:: Assignment ::
For the material below, output exactly the span from the line with "Kathleen Rodde Makedonska" to the line with "The Collonil Carbon", including both, and nothing besides.
Records for the exercise START
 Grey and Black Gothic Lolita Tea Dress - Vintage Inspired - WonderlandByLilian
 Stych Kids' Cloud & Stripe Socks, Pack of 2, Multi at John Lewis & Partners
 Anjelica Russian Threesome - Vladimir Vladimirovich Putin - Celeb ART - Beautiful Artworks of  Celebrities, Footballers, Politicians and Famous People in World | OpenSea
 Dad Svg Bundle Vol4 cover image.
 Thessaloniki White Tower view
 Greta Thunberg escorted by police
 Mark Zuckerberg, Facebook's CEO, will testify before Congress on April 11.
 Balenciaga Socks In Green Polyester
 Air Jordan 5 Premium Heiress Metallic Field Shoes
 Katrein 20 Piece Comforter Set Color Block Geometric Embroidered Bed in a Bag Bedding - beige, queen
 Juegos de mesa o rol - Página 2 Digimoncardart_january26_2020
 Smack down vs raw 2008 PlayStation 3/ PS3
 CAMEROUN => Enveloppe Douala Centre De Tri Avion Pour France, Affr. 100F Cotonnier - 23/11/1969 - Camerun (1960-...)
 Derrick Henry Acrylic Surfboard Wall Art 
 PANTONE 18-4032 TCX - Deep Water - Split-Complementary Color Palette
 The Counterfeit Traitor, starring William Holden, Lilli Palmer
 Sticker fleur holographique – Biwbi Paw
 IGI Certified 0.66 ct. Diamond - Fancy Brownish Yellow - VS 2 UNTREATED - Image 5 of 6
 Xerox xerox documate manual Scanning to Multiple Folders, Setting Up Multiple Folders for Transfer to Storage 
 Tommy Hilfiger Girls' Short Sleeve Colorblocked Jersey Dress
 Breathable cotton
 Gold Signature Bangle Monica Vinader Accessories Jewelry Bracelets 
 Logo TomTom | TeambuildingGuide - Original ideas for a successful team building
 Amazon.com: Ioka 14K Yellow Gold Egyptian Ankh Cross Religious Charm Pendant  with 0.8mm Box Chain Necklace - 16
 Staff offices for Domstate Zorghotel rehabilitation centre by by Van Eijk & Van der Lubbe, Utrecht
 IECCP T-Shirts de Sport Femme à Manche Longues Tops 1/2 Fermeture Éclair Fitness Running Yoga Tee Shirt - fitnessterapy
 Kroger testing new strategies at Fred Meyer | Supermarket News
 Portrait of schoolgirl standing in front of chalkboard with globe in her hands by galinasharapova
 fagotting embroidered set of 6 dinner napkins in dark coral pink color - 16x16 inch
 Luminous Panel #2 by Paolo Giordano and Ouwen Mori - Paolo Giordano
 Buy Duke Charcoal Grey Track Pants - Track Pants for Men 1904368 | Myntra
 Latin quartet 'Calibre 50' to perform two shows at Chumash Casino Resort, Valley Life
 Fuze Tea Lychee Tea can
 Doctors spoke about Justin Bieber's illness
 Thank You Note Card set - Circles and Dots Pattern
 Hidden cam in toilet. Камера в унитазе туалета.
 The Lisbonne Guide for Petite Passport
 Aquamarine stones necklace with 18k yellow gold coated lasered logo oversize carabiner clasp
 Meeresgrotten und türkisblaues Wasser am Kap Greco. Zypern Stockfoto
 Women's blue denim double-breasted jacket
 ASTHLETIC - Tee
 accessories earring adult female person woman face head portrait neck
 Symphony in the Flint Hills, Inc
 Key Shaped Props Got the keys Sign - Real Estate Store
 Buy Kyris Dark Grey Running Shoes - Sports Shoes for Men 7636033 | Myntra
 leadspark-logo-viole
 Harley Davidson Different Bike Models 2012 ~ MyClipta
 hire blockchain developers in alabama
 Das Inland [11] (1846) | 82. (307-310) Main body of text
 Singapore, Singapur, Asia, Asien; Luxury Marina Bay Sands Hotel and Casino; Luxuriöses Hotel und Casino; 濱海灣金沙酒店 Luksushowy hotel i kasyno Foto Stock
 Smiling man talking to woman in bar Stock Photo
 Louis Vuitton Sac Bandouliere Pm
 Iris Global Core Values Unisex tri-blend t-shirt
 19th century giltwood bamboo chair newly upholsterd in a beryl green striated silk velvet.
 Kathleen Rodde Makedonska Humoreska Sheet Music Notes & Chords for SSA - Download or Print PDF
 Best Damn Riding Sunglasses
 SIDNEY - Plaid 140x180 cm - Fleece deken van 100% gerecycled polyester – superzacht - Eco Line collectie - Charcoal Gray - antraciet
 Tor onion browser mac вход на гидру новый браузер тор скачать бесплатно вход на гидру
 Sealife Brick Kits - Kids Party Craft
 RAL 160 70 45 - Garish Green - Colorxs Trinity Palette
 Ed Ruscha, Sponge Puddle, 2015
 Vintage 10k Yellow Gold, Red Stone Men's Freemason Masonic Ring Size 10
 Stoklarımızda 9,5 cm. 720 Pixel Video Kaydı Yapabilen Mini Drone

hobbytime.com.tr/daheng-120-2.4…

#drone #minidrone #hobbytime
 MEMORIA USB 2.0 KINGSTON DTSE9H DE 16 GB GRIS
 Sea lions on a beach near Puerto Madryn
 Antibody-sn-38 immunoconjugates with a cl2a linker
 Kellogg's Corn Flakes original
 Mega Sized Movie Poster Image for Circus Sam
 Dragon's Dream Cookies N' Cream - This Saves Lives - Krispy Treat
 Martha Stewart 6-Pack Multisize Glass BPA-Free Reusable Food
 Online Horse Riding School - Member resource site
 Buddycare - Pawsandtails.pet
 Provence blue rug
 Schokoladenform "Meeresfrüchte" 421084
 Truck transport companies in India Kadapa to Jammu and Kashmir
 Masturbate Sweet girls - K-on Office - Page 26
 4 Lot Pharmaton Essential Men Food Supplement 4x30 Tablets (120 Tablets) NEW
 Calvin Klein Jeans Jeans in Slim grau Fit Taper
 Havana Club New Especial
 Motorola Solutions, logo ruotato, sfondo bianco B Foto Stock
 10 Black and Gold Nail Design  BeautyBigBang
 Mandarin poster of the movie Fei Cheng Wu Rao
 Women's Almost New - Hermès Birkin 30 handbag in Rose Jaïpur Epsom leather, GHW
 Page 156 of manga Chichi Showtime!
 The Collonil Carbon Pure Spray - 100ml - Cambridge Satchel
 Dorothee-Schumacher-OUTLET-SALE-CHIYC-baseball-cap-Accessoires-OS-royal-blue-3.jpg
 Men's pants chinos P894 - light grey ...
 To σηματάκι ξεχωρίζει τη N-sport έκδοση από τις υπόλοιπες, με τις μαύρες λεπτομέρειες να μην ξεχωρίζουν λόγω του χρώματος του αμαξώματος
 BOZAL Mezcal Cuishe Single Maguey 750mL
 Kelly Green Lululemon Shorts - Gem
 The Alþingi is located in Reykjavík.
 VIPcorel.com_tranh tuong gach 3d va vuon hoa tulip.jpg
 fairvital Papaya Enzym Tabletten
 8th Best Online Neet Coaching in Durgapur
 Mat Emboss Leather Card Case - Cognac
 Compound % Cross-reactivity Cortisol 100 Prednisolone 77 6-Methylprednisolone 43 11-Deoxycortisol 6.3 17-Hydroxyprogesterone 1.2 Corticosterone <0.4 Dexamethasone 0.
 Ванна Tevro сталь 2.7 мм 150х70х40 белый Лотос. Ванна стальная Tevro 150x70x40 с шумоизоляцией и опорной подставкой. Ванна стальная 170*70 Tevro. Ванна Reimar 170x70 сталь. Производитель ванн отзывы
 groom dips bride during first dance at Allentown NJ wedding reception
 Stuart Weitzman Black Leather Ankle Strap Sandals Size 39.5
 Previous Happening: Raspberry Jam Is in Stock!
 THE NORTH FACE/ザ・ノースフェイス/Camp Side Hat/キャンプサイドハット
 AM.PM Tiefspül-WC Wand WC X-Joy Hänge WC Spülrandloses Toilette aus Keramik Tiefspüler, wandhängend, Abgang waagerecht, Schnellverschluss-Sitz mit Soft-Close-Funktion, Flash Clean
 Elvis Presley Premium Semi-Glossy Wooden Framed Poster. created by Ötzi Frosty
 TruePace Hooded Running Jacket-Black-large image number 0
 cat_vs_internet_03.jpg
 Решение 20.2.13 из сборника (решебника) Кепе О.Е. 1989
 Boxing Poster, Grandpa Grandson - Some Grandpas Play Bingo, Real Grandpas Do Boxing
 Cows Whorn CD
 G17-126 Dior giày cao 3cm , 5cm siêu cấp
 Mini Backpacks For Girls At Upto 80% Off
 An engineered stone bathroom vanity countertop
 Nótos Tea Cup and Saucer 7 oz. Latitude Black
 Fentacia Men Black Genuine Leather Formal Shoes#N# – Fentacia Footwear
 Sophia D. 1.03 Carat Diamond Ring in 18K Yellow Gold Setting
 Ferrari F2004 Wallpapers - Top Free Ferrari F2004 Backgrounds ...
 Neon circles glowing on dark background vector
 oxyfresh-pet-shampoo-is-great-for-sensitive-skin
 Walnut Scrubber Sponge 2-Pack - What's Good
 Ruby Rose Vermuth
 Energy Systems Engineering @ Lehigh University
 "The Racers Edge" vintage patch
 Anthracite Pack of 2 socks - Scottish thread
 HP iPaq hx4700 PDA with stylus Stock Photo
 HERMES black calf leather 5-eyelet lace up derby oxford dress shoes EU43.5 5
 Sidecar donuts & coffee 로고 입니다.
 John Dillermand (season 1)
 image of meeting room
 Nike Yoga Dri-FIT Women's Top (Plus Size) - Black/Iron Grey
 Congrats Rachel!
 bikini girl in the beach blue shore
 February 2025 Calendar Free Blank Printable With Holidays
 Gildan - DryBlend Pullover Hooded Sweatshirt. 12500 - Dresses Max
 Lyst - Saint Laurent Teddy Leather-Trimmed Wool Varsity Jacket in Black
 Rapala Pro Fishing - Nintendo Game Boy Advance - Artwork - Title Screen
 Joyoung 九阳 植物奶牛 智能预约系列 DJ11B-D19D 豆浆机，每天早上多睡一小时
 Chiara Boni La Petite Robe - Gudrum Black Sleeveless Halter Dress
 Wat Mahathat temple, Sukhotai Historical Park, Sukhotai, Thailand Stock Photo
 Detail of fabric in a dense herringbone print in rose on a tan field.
Records for the exercise END
:: Task result ::
 Kathleen Rodde Makedonska Humoreska Sheet Music Notes & Chords for SSA - Download or Print PDF
 Best Damn Riding Sunglasses
 SIDNEY - Plaid 140x180 cm - Fleece deken van 100% gerecycled polyester – superzacht - Eco Line collectie - Charcoal Gray - antraciet
 Tor onion browser mac вход на гидру новый браузер тор скачать бесплатно вход на гидру
 Sealife Brick Kits - Kids Party Craft
 RAL 160 70 45 - Garish Green - Colorxs Trinity Palette
 Ed Ruscha, Sponge Puddle, 2015
 Vintage 10k Yellow Gold, Red Stone Men's Freemason Masonic Ring Size 10
 Stoklarımızda 9,5 cm. 720 Pixel Video Kaydı Yapabilen Mini Drone

hobbytime.com.tr/daheng-120-2.4…

#drone #minidrone #hobbytime
 MEMORIA USB 2.0 KINGSTON DTSE9H DE 16 GB GRIS
 Sea lions on a beach near Puerto Madryn
 Antibody-sn-38 immunoconjugates with a cl2a linker
 Kellogg's Corn Flakes original
 Mega Sized Movie Poster Image for Circus Sam
 Dragon's Dream Cookies N' Cream - This Saves Lives - Krispy Treat
 Martha Stewart 6-Pack Multisize Glass BPA-Free Reusable Food
 Online Horse Riding School - Member resource site
 Buddycare - Pawsandtails.pet
 Provence blue rug
 Schokoladenform "Meeresfrüchte" 421084
 Truck transport companies in India Kadapa to Jammu and Kashmir
 Masturbate Sweet girls - K-on Office - Page 26
 4 Lot Pharmaton Essential Men Food Supplement 4x30 Tablets (120 Tablets) NEW
 Calvin Klein Jeans Jeans in Slim grau Fit Taper
 Havana Club New Especial
 Motorola Solutions, logo ruotato, sfondo bianco B Foto Stock
 10 Black and Gold Nail Design  BeautyBigBang
 Mandarin poster of the movie Fei Cheng Wu Rao
 Women's Almost New - Hermès Birkin 30 handbag in Rose Jaïpur Epsom leather, GHW
 Page 156 of manga Chichi Showtime!
 The Collonil Carbon Pure Spray - 100ml - Cambridge Satchel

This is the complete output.